It is naturally impossible for a traveller to traverse Algeria without
being constantly conscious of the effects of the French conquest. His
own presence there otherwise than as a Christian slave is one of them,
and not the least important one for him. But in the course of his
journeyings he will be so frequently informed of important incidents in
the series of campaigns, of the connection of localities he is visiting
with some phase of victory or defeat, that a short résumé of the lengthy
transactions may not be out of place. With many side-issues the story
resolves itself in the end, as such war-histories often do, into a
struggle for the mastery between two great men. The Frenchman won the
rubber.

Stern as was the lesson which Lord Exmouth inflicted, it was soon
forgotten, and the ingrained habit of centuries reasserted itself. A
subsequent Dey set himself to re-create a fleet, and in 1820 he had
forty-four vessels with 1560 sailors. Fresh trouble arose with the
British consul, and the weakness of the admiral who was sent to support
him only made matters worse. The Dey refused to see Mr. McDonell, who
had been forced to leave, and treated Mr. St. John, who replaced him,
with ignominy. “All the disgraceful ceremonies in the intercourse
between the representative of Great Britain and the Turkish authorities
were continued. The consul was obliged, the moment he came in sight of
the Dey’s palace, to walk bareheaded in the hottest sun; in waiting for
an audience he had to sit on a stone bench in the public passage; he
could not wear a sword in the Dey’s presence, nor ride to the palace,
though his own servants, if Mohammedans, might do so.” And the corsair
fleet began once more to harry the coasts of France and Spain.
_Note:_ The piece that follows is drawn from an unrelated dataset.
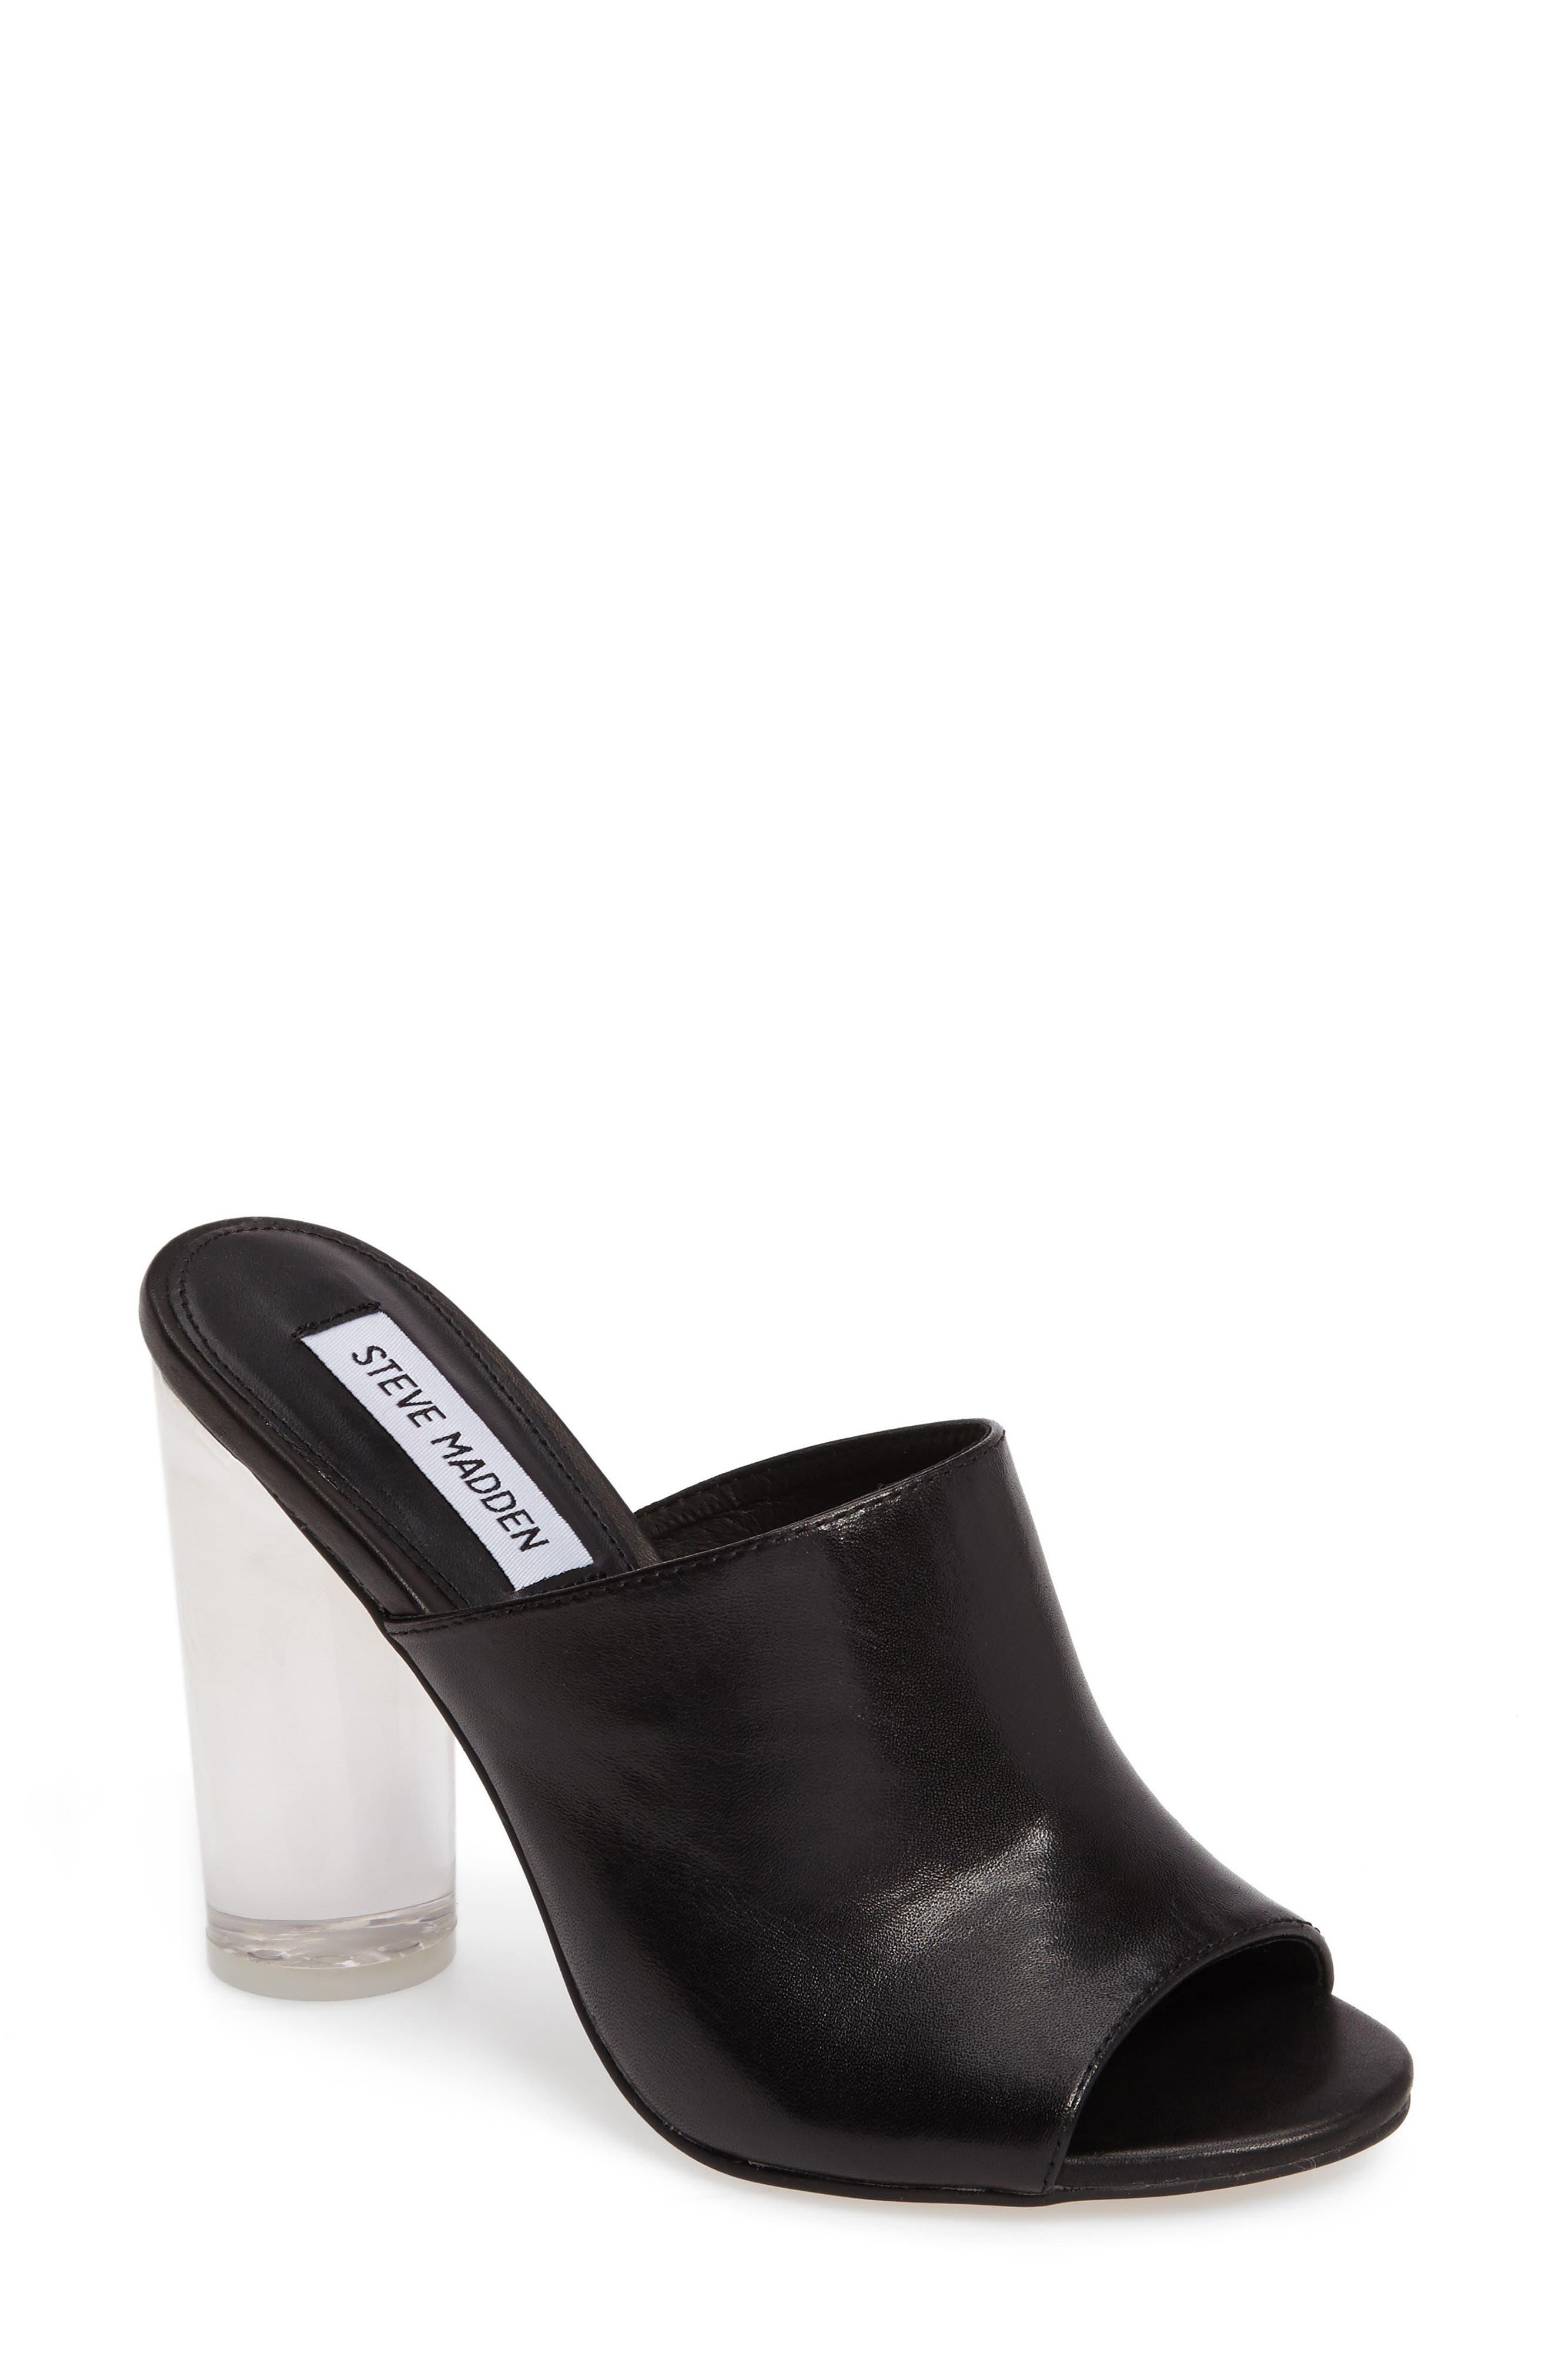 Main Image - Steve Madden Classics Mule Sandal (Women)

In the early days of the Turkish domination the corsairs had been
influenced by political preferences. They had especially waged war
against the Spaniards, who had expelled the Moors, and whose sovereign,
Charles V, was the enemy of the Sultan. They respected the vessels of
Francis I, the Sultan’s ally. So may even pirates follow the dictates of
conscience. But as time went on the high character of the Algerian
corsairs suffered some abasement through association with the renegades
of Christendom, and French and Spanish vessels met a like fate,—all was
fish that came to their net. The French, who had formerly felt that the
Spaniards were getting no more than their deserts, and had even afforded
Kheir-ed-Din a temporary refuge in the port of Marseilles during a
storm, were naturally hurt at the ingratitude of these proceedings. They
went so far, in the reign of the Grand Monarque, as to bombard Algiers
on two occasions,—with the customary result. Their fleets sailed away;
Algiers rebuilt itself, and proceeded upon its piratical way. No one has
ever rivalled the Deys in the art of taking a beating, and coming up
again with a smile,—unless it be their ultimate conquerors.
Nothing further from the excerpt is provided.